### Task description
Make an exact copy of the listing below. Pictures stay out of it.

*** Raw data

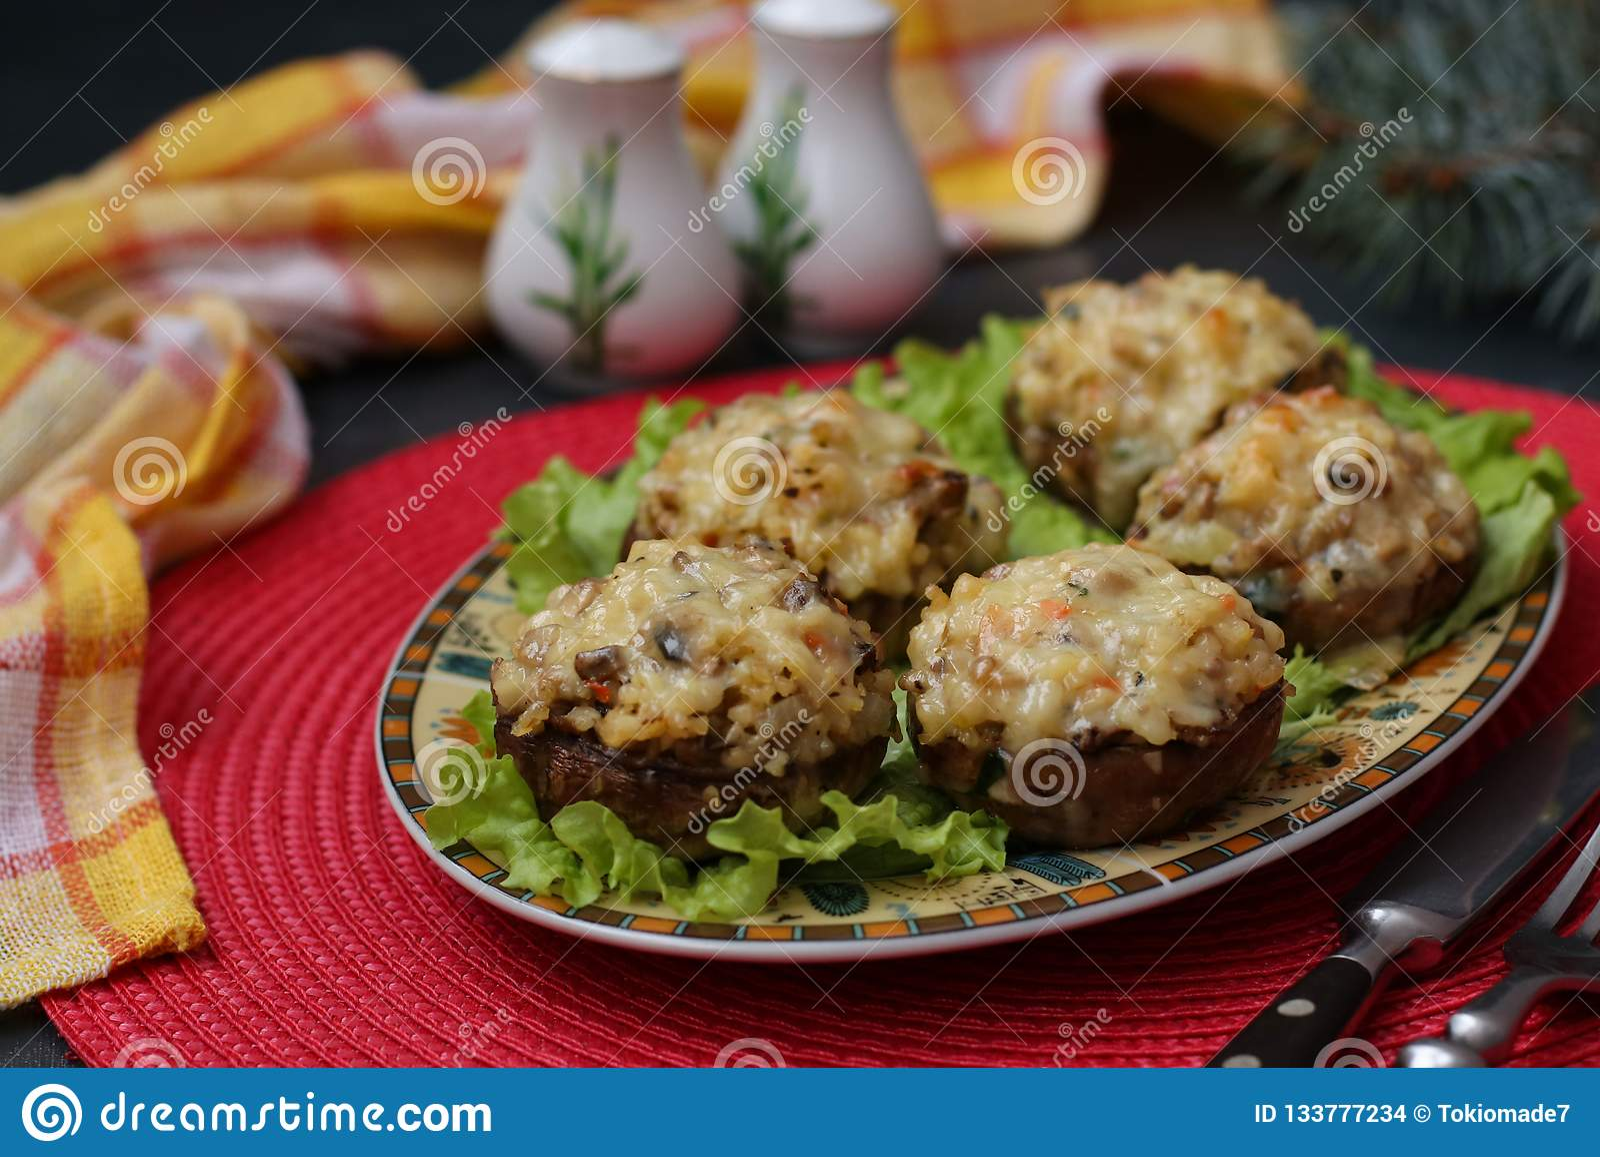 Cogumelos enchidos com mozzarella, vegetais e bulgur
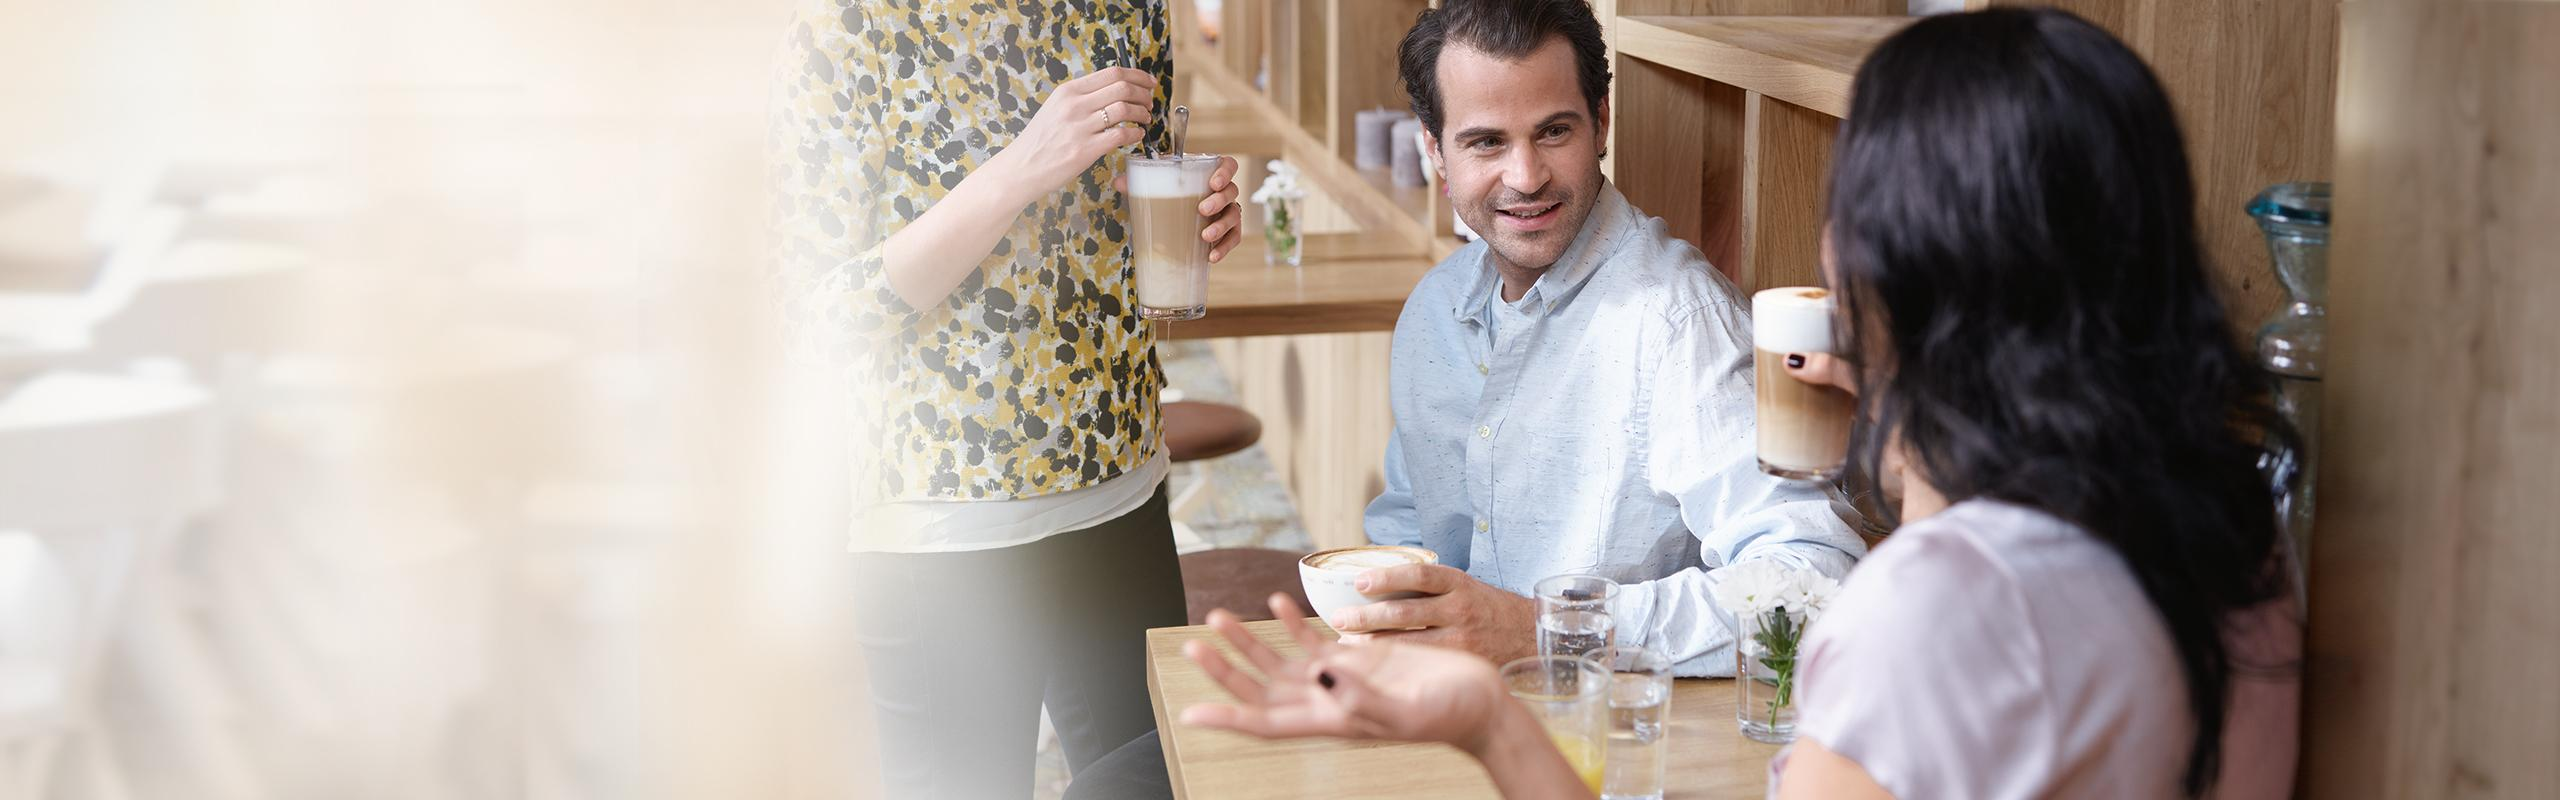 BRITA Wasser Café und Bäckerei Kaffee trinken
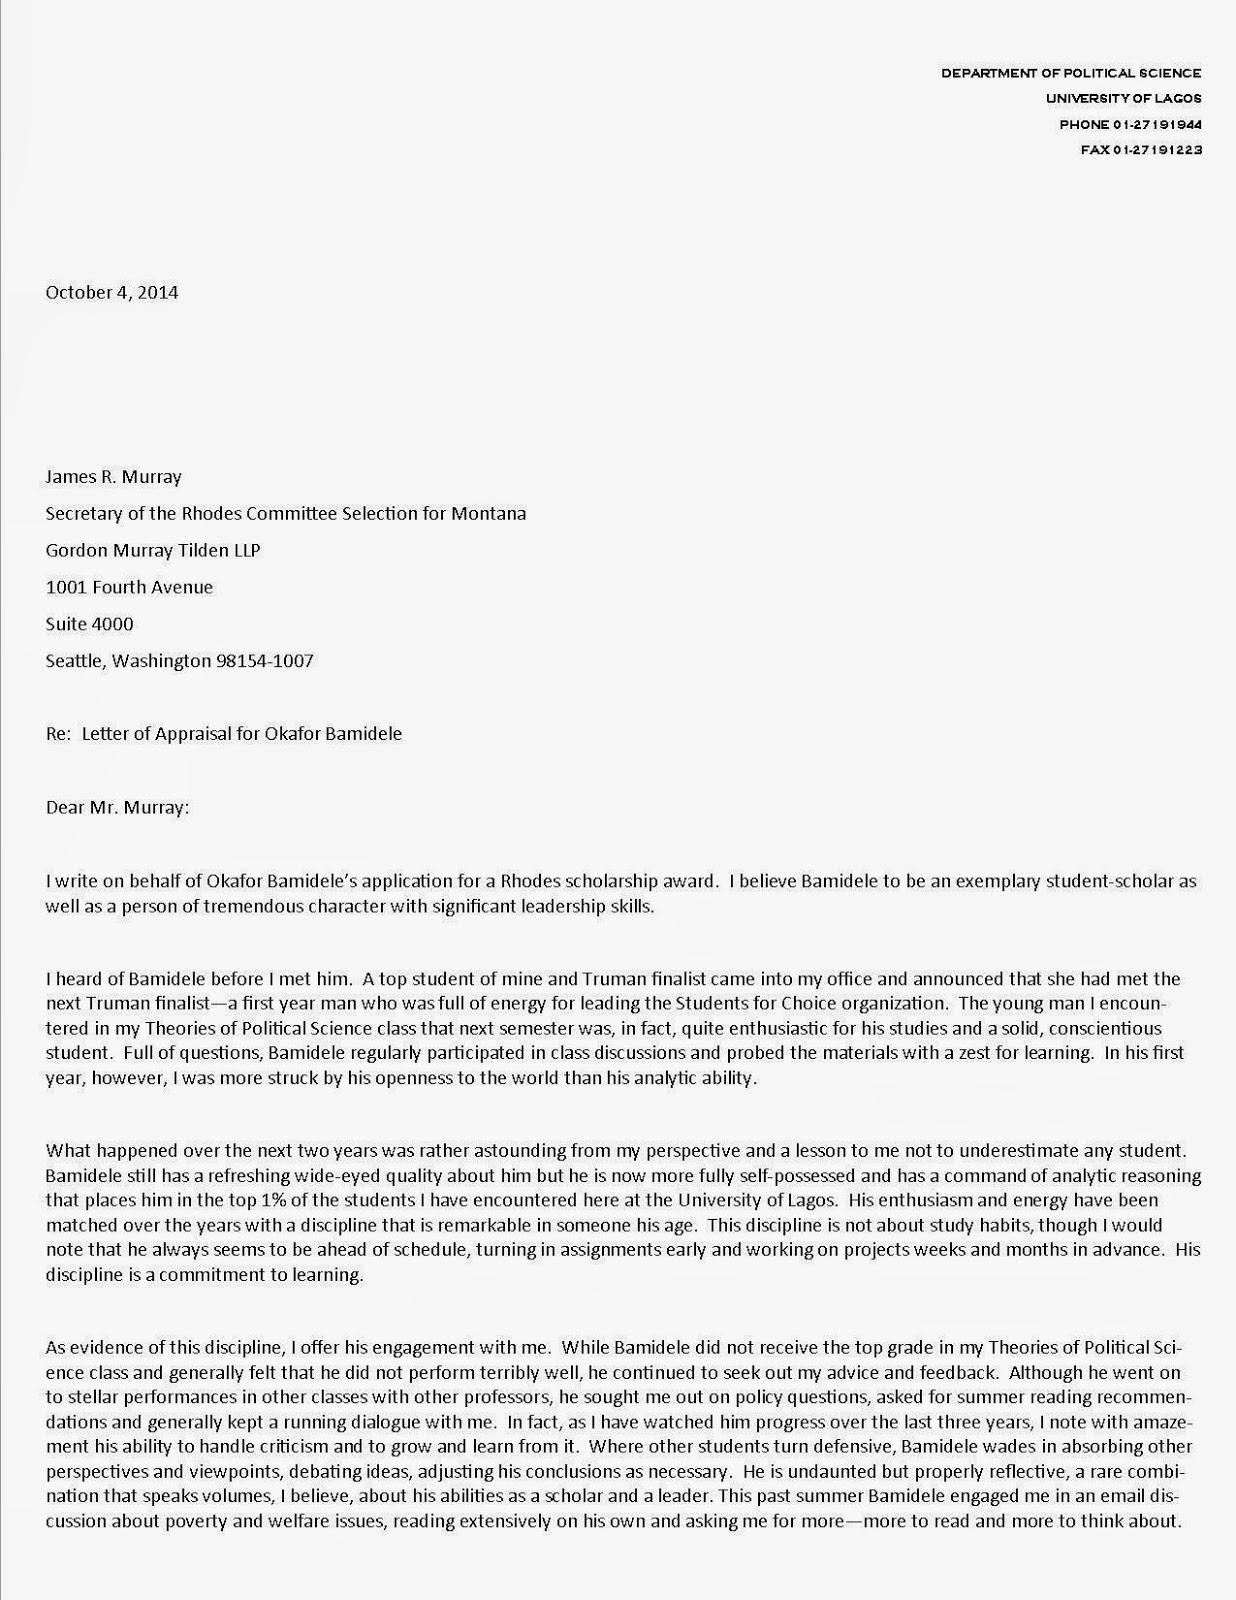 recommendation letter for art scholarship cover letter resume recommendation letter for art scholarship sample scholarship recommendation letter lovetoknow student scholarship letter sample recommendation letter
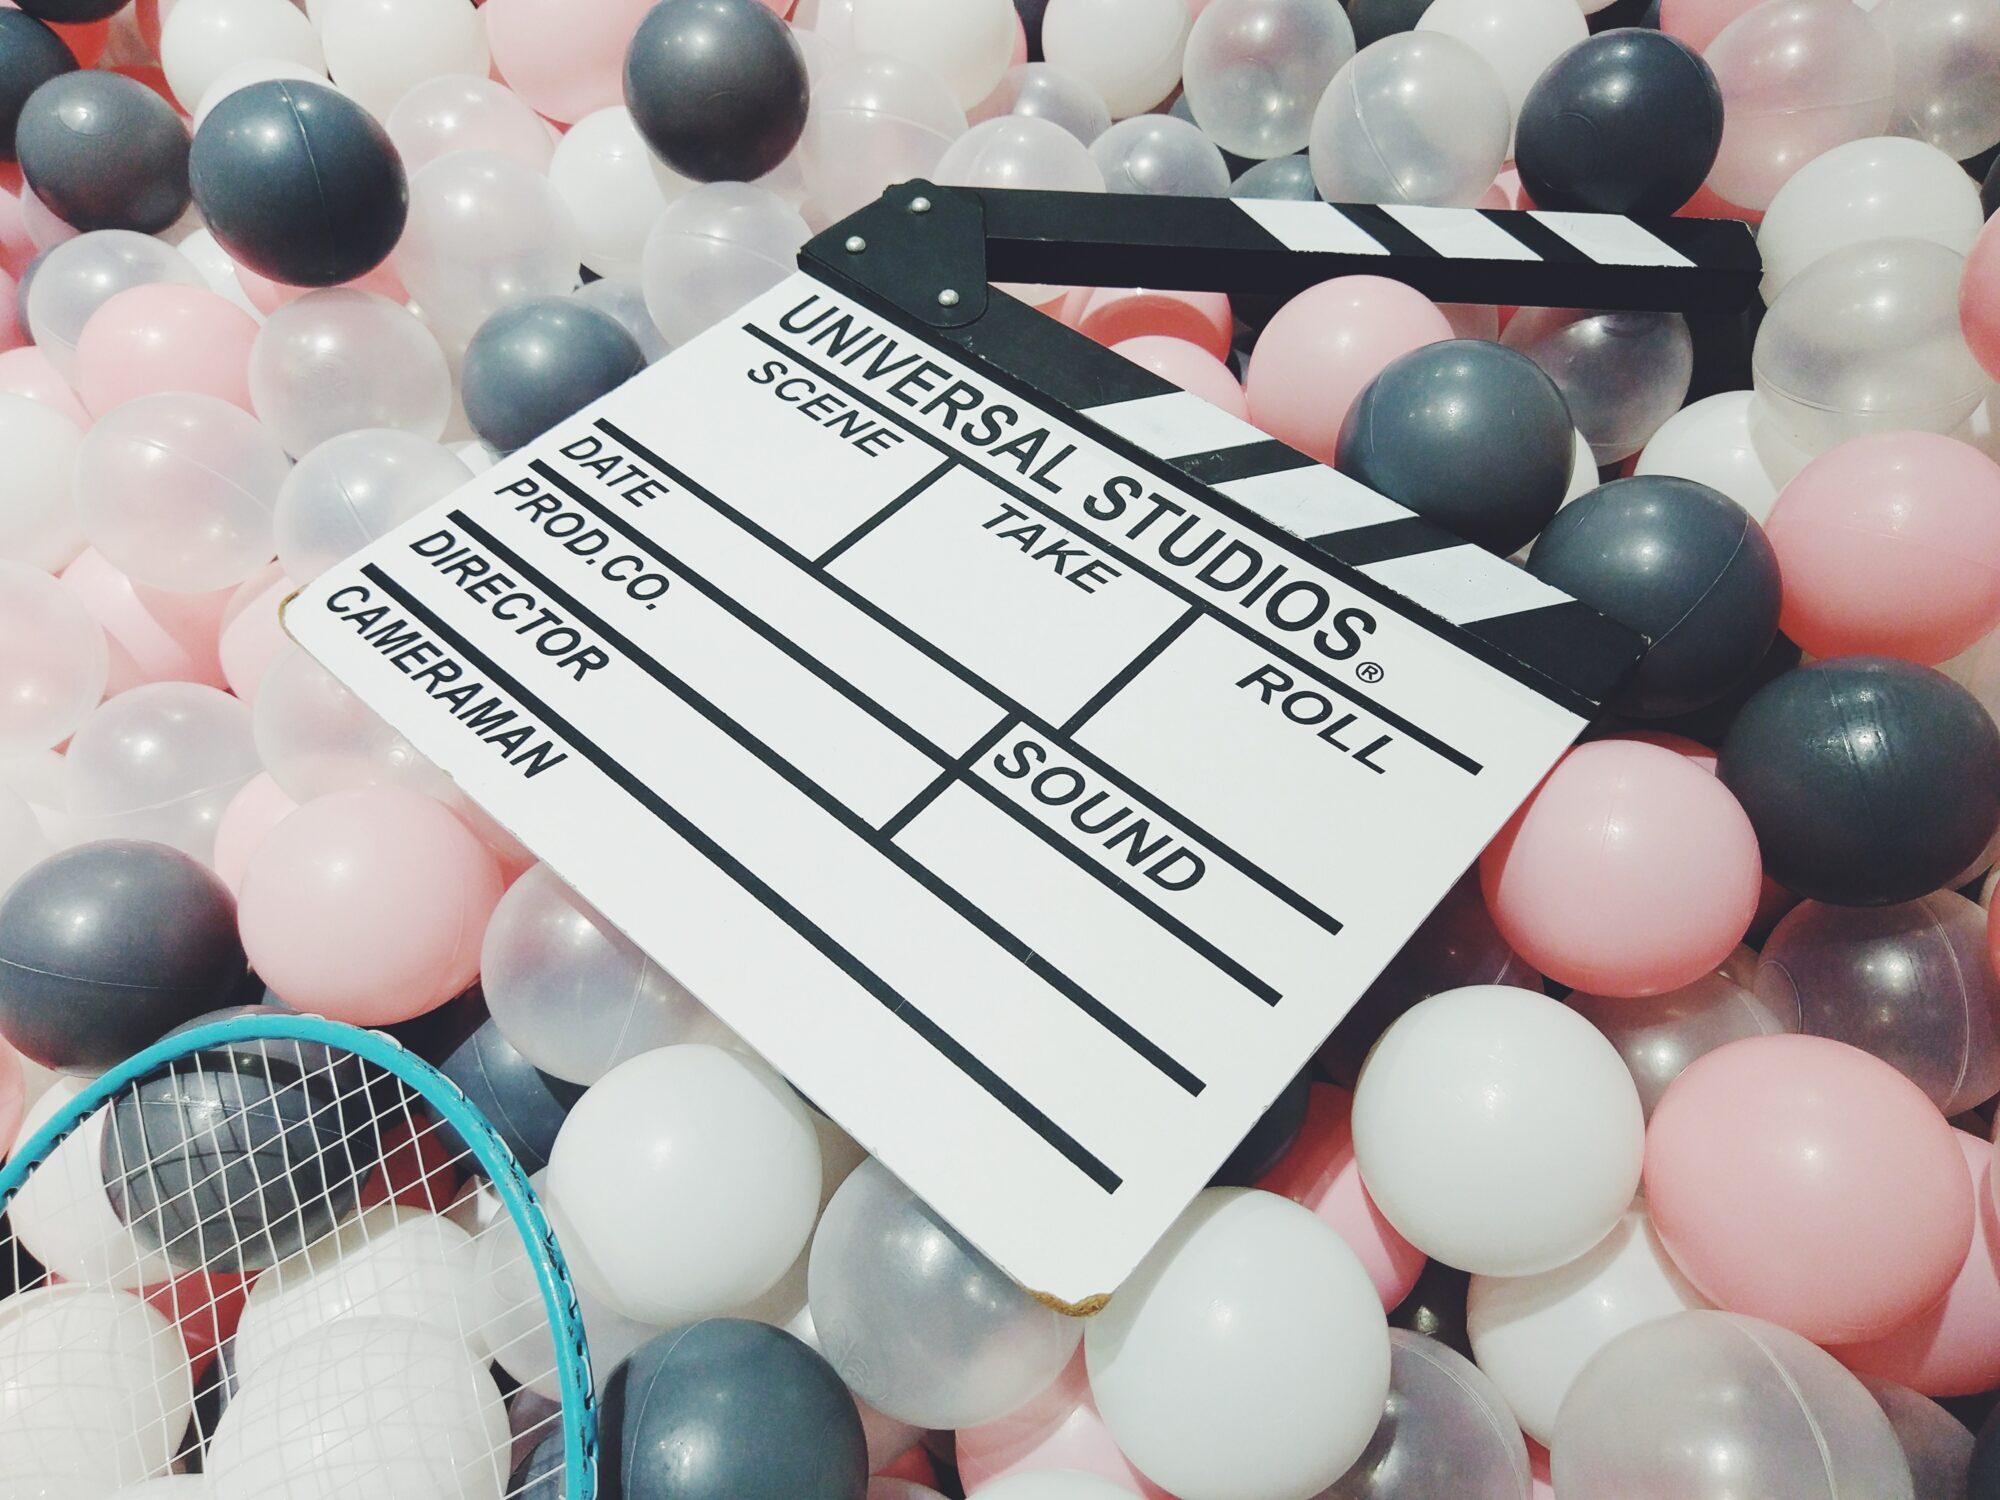 Czarno-biały klaps filmowy wśród kolorowych kulek.

******

### Response to the task
 Cogumelos enchidos com mozzarella, vegetais e bulgur
 BRITA Wasser Café und Bäckerei Kaffee trinken
 recommendation letter for art scholarship cover letter resume recommendation letter for art scholarship sample scholarship recommendation letter lovetoknow student scholarship letter sample recommendation letter
 Czarno-biały klaps filmowy wśród kolorowych kulek.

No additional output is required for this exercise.